--- Given records ---
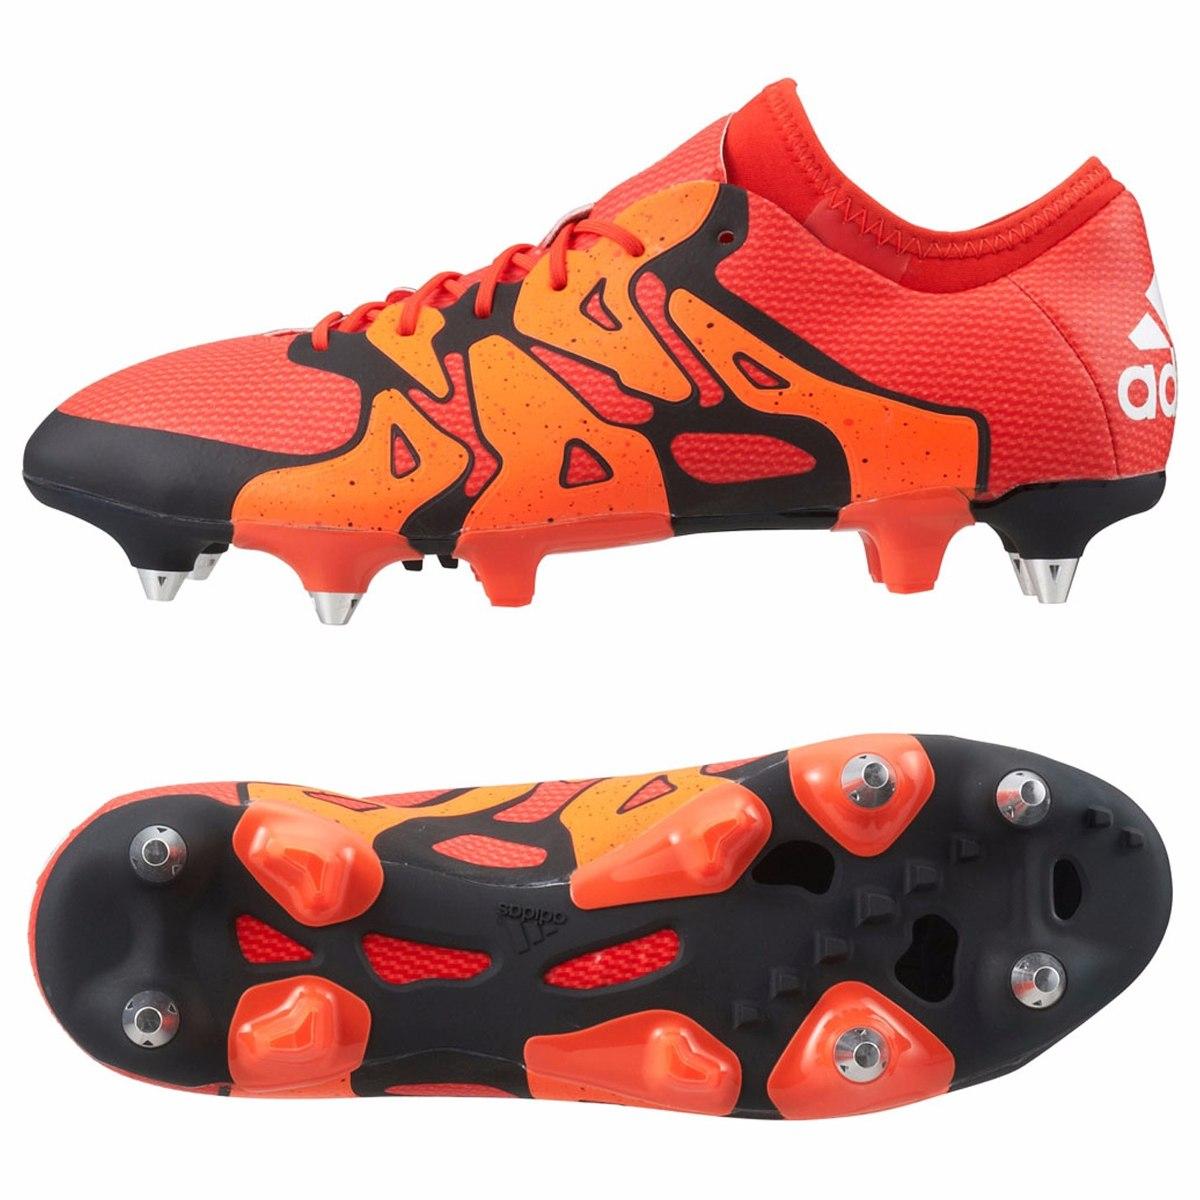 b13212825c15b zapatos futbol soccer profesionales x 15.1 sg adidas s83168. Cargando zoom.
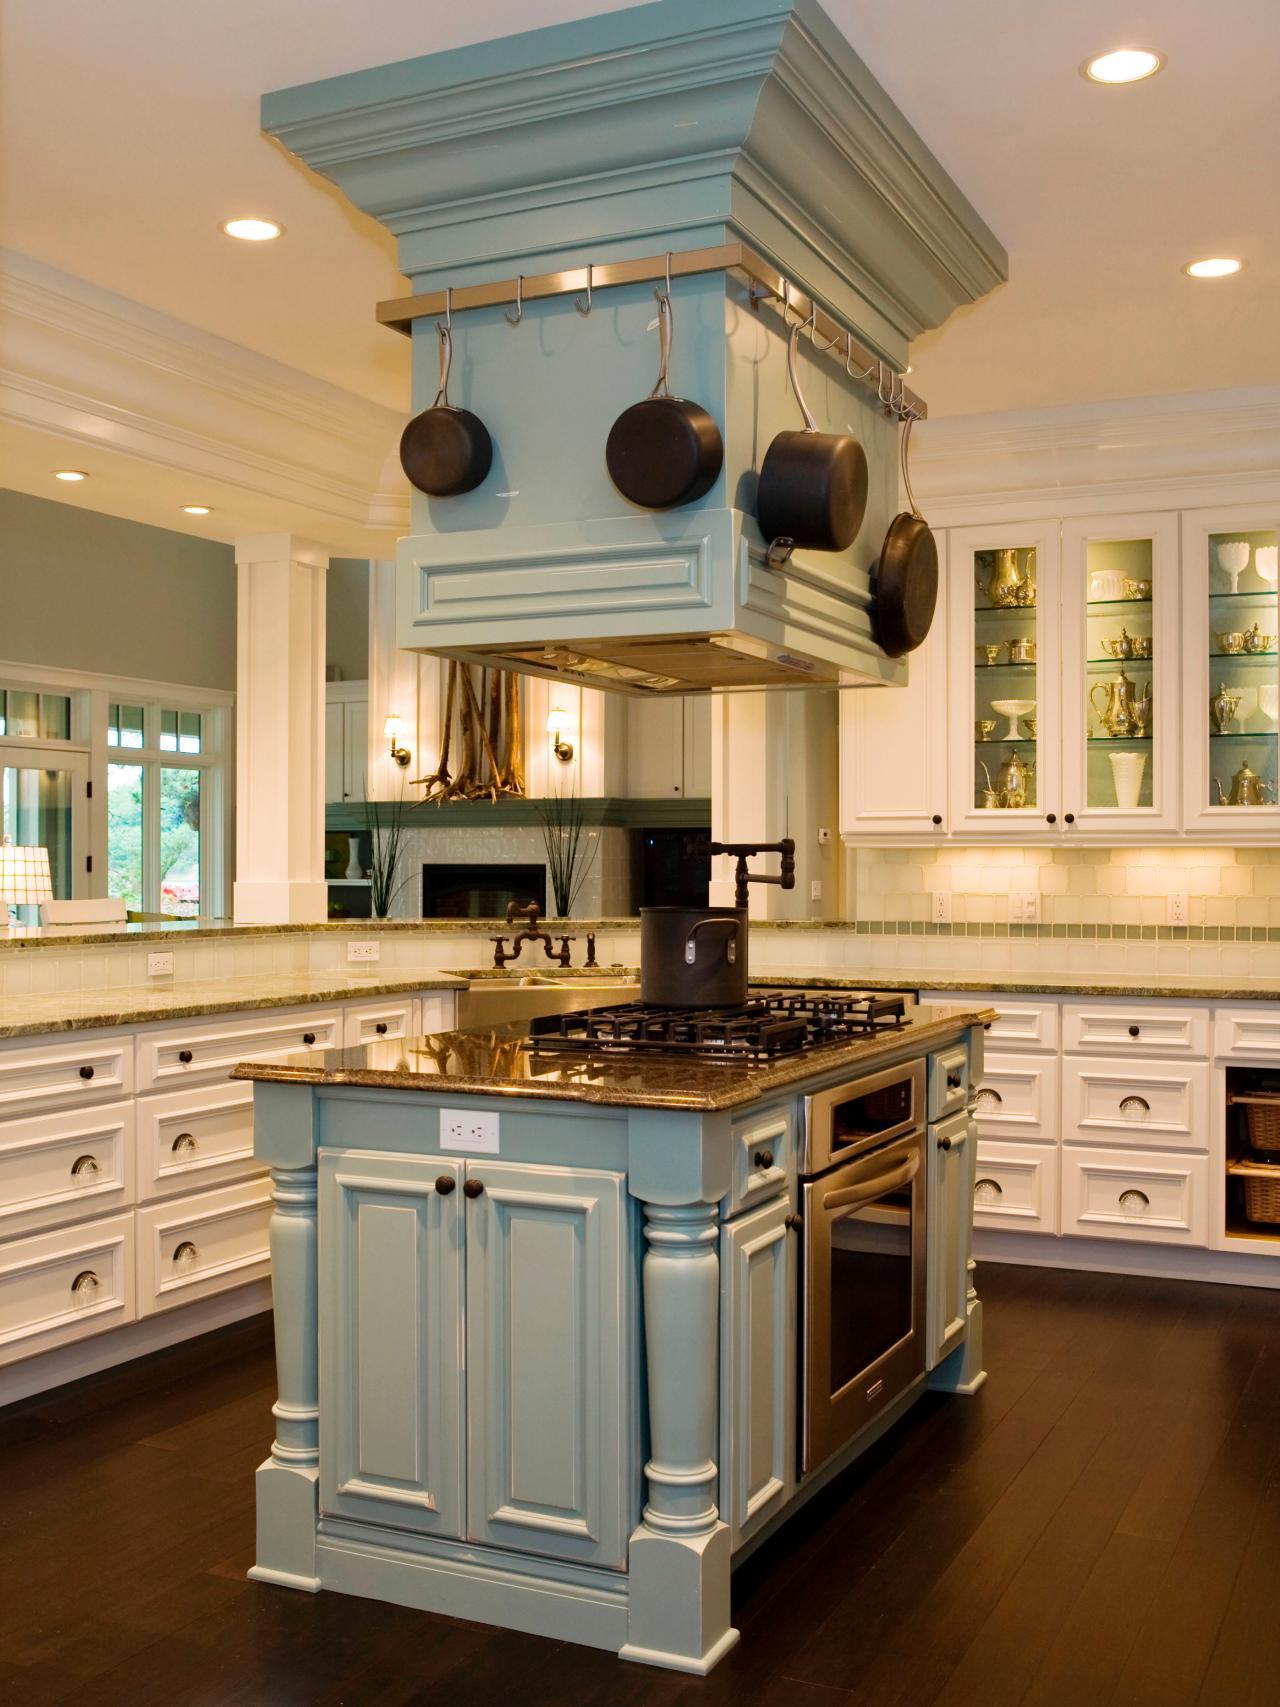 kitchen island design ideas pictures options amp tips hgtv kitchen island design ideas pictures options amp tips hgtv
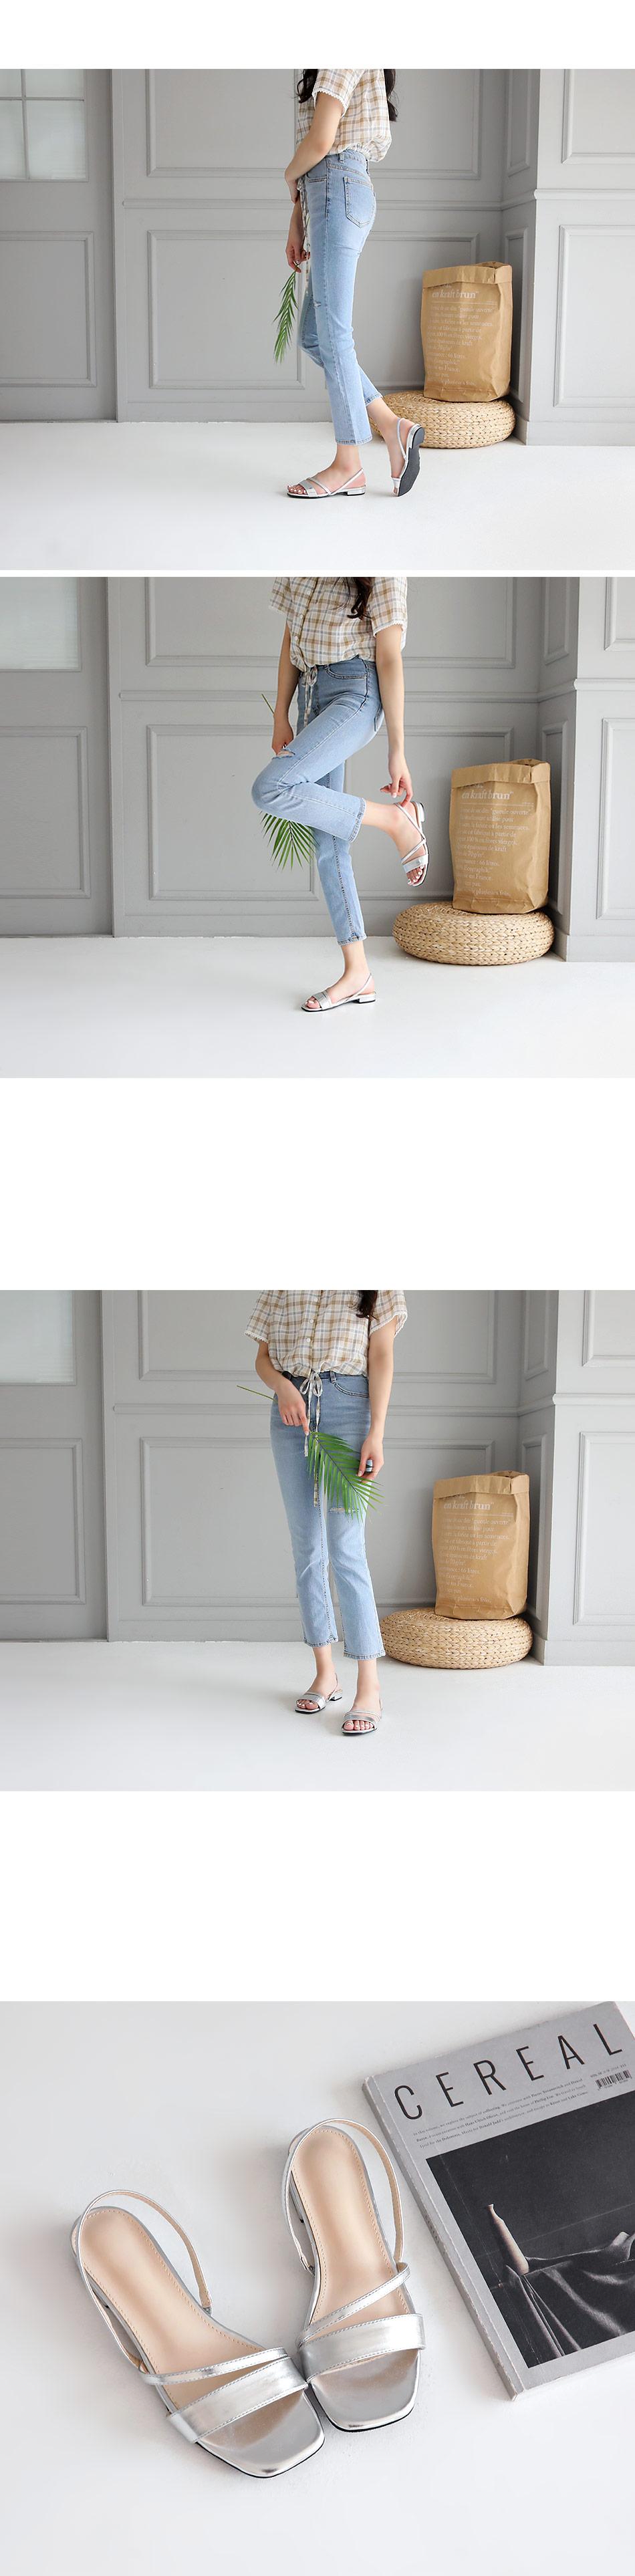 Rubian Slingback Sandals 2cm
---
--- Given records ---
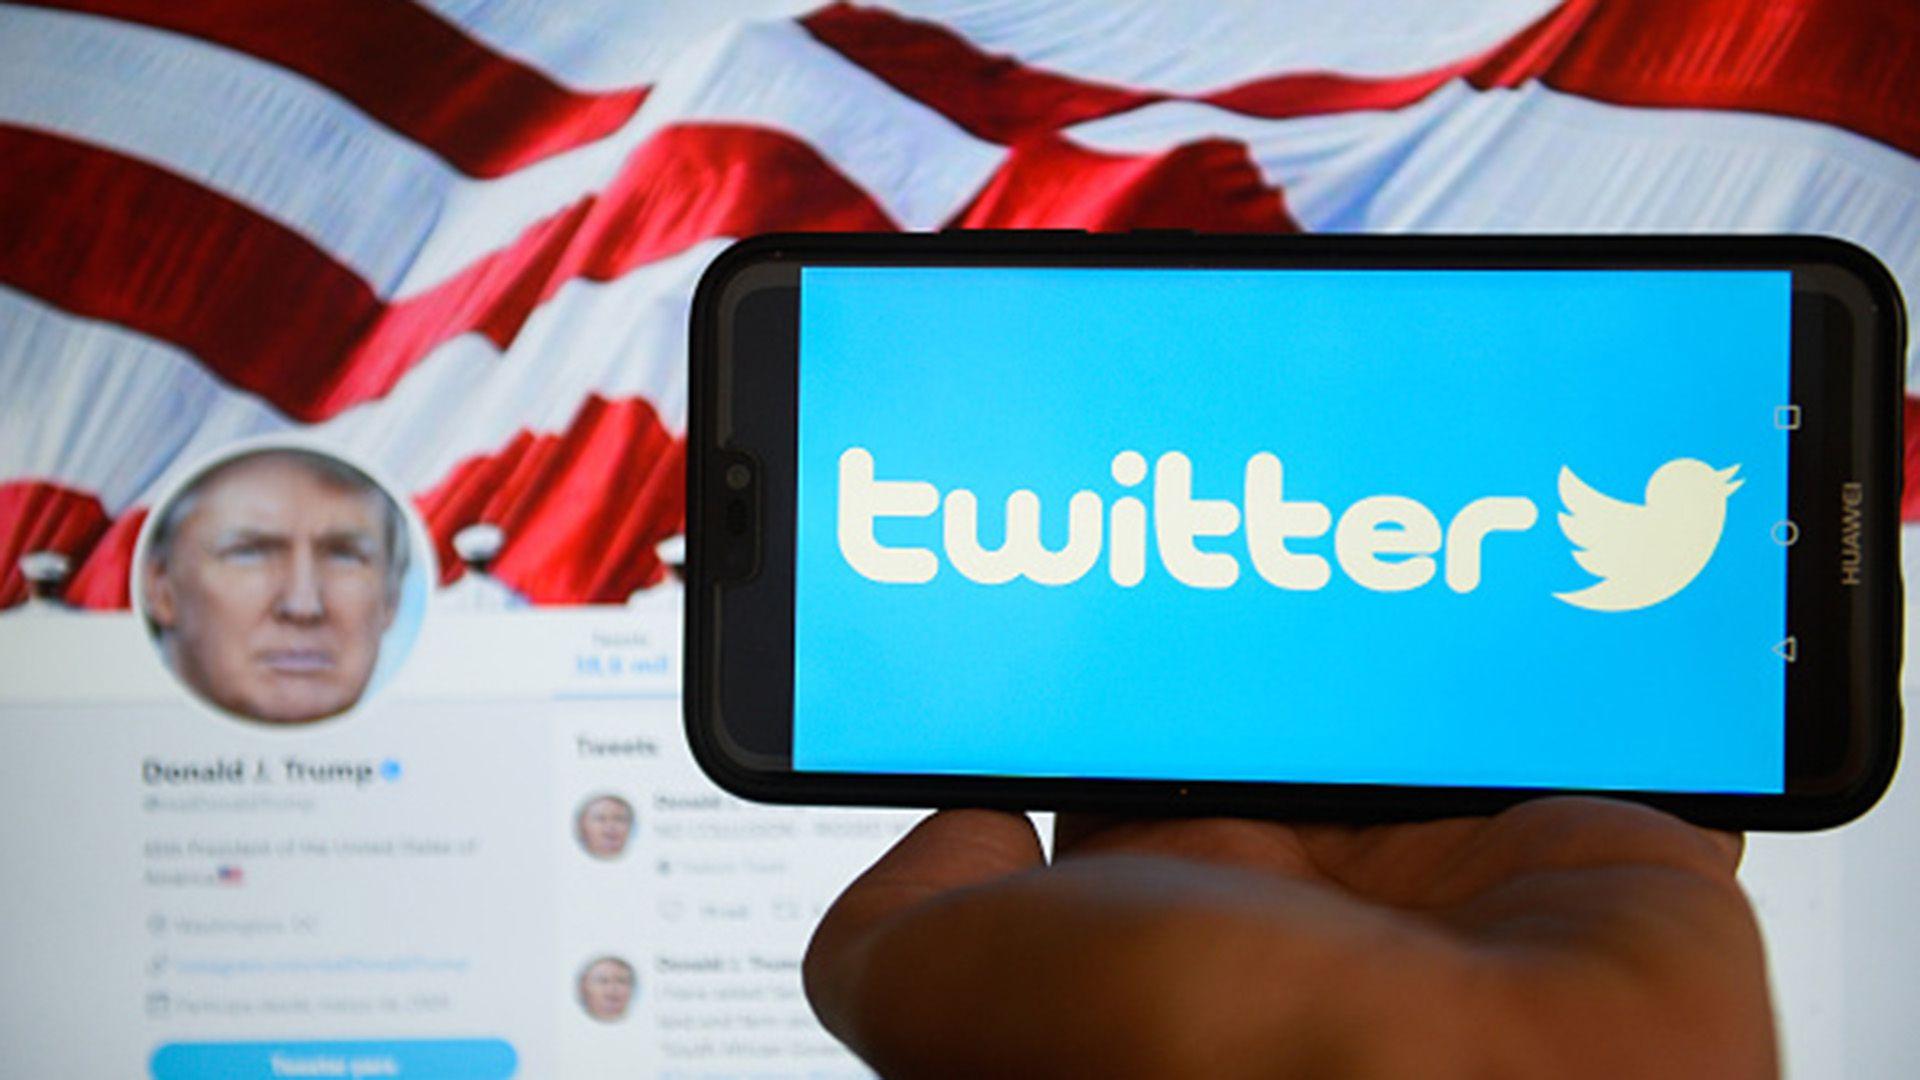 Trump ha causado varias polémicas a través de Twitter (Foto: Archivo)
---
--- Given records ---
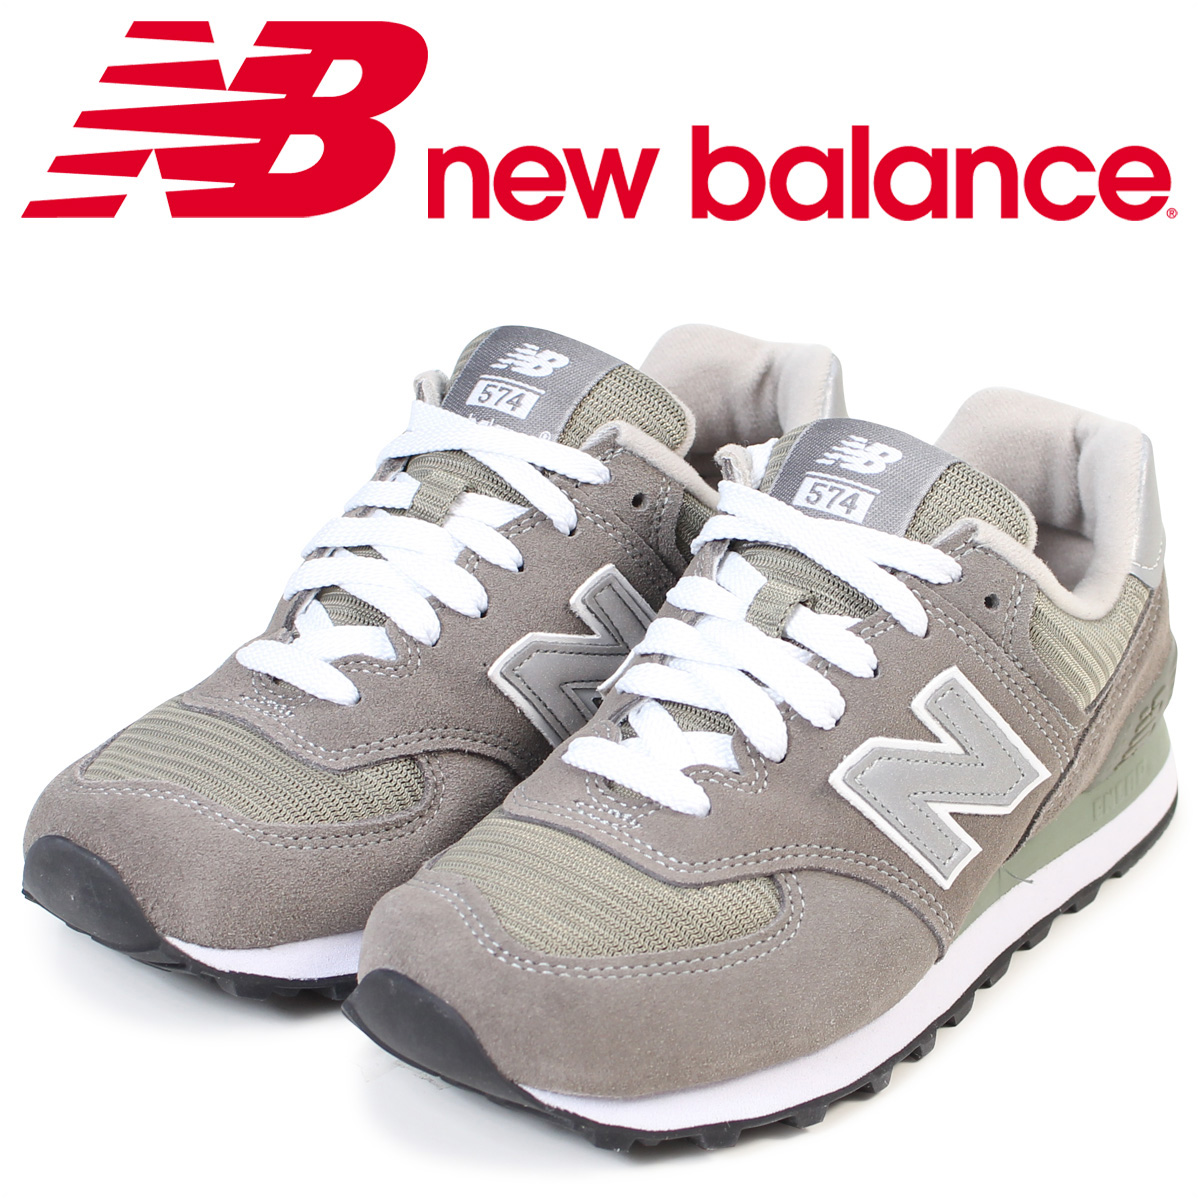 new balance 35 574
---
- Exercise description -
Repeat the lines above exactly, beginning with the one containing "b13212825c15b zapatos futbol" and finishing with the one containing "Rubian Slingback Sandals 2cm". No pictures belong in the copy.

- Solution for this task -
 b13212825c15b zapatos futbol soccer profesionales x 15.1 sg adidas s83168. Cargando zoom.
 kitchen island design ideas pictures options amp tips hgtv kitchen island design ideas pictures options amp tips hgtv
 Rubian Slingback Sandals 2cm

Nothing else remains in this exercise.